A new scale for measuring skin tones is being promoted by a Harvard professor in hopes of fixing problems of bias and diversity in the company's products.

Ellis Monk, an assistant professor of sociology at Harvard and creator of the Monk Skin Tone scale, is working with the tech giant. The skin tone scales that are biased towards lighter skin have been replaced by the MST scale. Tech companies use older scales to categorize skin color, which can lead to products that perform worse for people with darker coloring.

Monk says that they can integrate the differences in skin tone into products to make sure they are more inclusive.

Fixing bias in AI often means fixing training data

Tech products that use artificial intelligence perform worse with darker skin tones. There are apps designed to detect skin cancer, facial recognition software, and even machine vision systems used by self-driving cars.

The use of outdated skin tone scales is one of the ways bias is programmed into these systems. The Fitzpatrick scale is the most popular skin tone scale. The scale was originally designed in the 70s to classify how people with paler skin burn or tan in the sun, but was later expanded to include darker skin.

The Fitzpatrick scale fails to capture a full range of skin tones and may mean that when machine vision software is trained on Fitzpatrick data, it is biased towards lighter skin types.

The 10-point Monk Skin Tone scale.
Image: Ellis Monk / Google

The Fitzpatrick scale is comprised of six categories, but the MST scale expands this to 10 different skin tones. The number was chosen because of Monk's research to balance diversity and ease of use. Too much choice can lead to inconsistent results, but some skin tone scales offer more than a hundred different categories.

If you get past 10 or 12 points on these scales, you can ask someone else to pick out the same tones, but the more you increase that scale, the less people are able to do that.

A new skin tone scale is only the first step in integrating this work into real-world applications. The skintone.google website was created to explain the research and best practices for its use in artificial intelligence. The company is working to apply the scale to a number of its own products. The Real Tone photo filters are designed to work better with darker skin tones.

Google will let users refine certain search results using skin tones selected from the MST scale.
Image: Google

The new image search feature will allow users to refine searches based on skin tones that are classified by the MST scale. If you want to find eye makeup orbridal makeup looks, you can use skin tone as a filter. In the future, the company will use the MST scale to check the diversity of its results so that if you search for images of cute babies or doctors, you will win.

One of the things we're doing is taking a set of results, understanding when they are particularly homogenous across a few sets of tones, and improving the diversity of the results. The updates were in a very early stage of development and hadn't yet been rolled out across the company's services.

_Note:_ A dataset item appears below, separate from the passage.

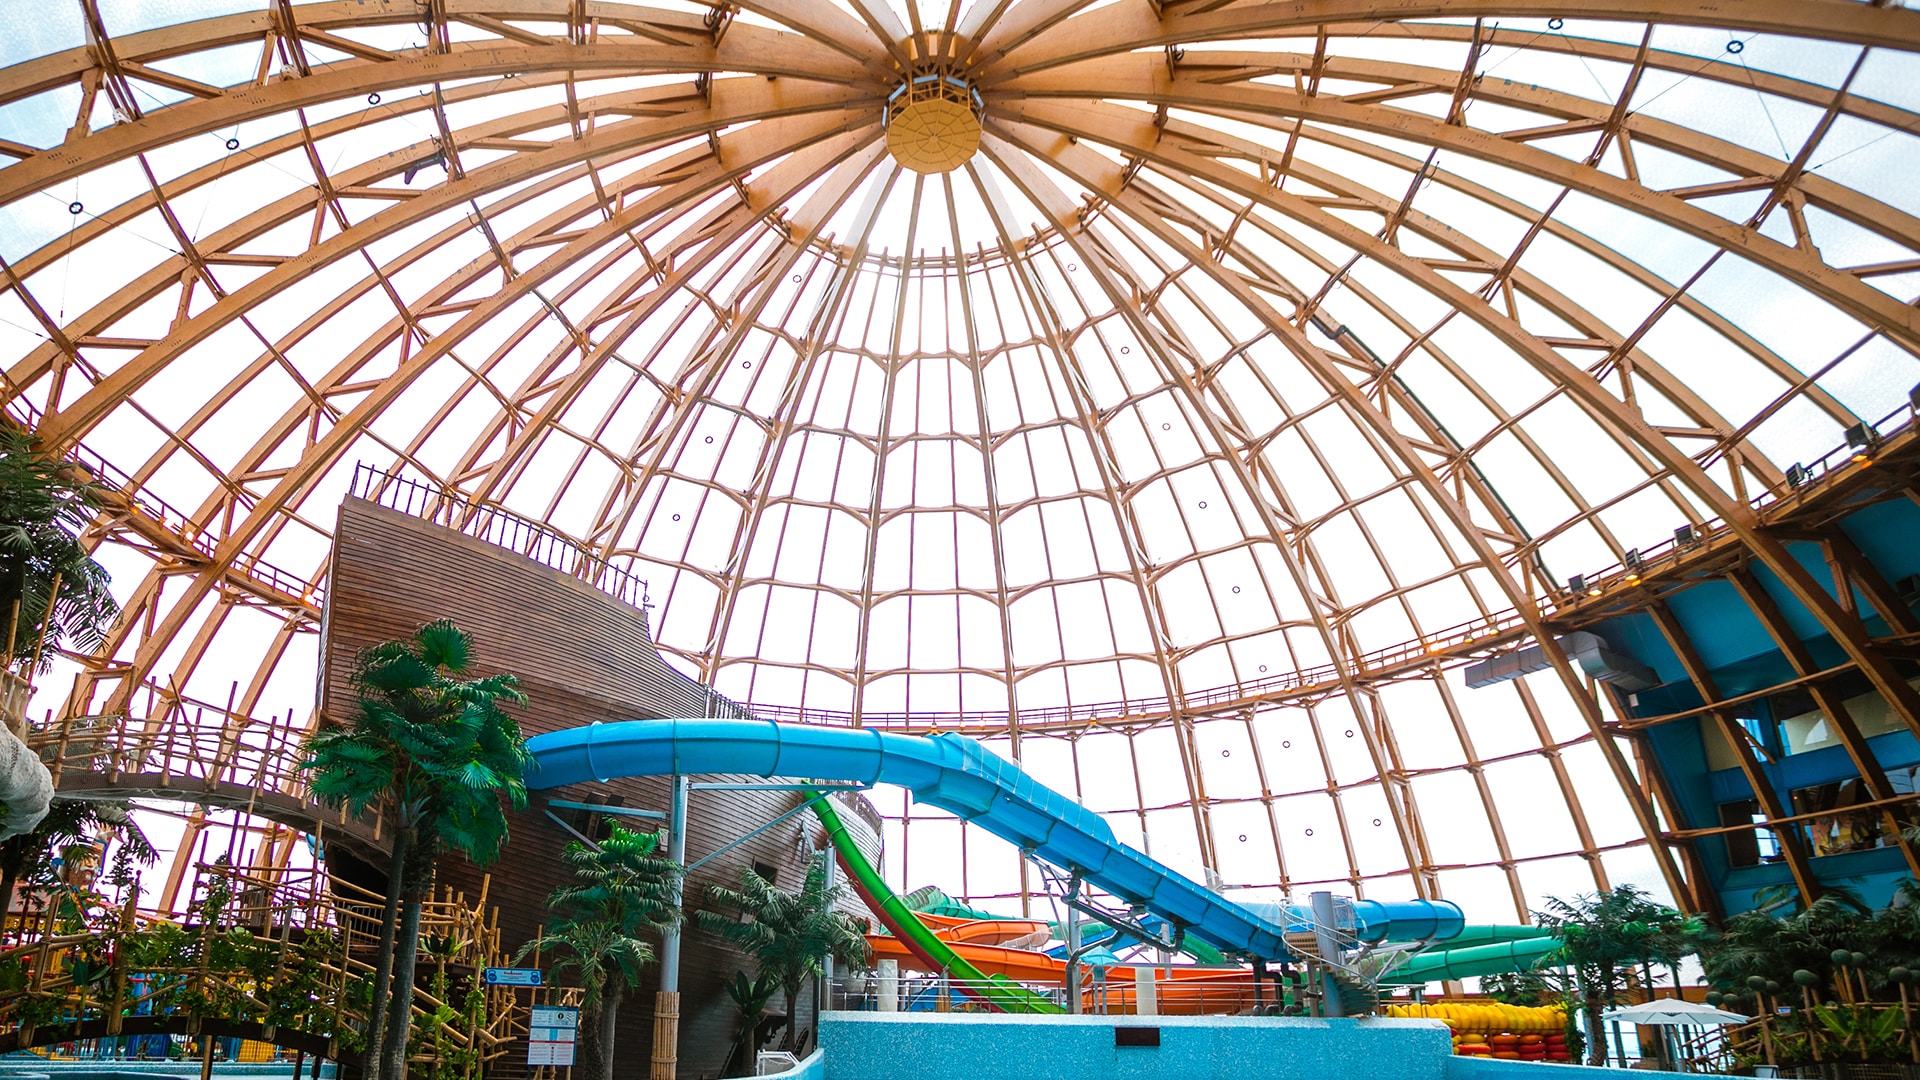 The huge amount of natural daylight coming through the Texlon® ETFE roof elements bathes all of the waterpark attractions in the right amount of light.

Google is experimenting with balancing image search results to be more inclusive

This should be taken with a pinch of caution, not just for this specific change, but also for the approach to fixing bias in its products more generally. The company has a spotty history when it comes to ethical guidelines, and the industry as a whole has a tendency to promise ethical guidelines and then fail on the follow-through.

This mistake was first noticed in 2015, but it was not noticed before.

These changes can be culturally and politically challenging, reflecting broader difficulties in how we integrate this sort of tech into society. In the case of image search results, diversity may look different in different countries, and if the image results are adjusted based on skin tone, it may have to change them.

What diversity means is going to be inherently different when we are looking at results in different parts of the world.

The introduction of a new and more inclusive scale for measuring skin tones is a step in the right direction.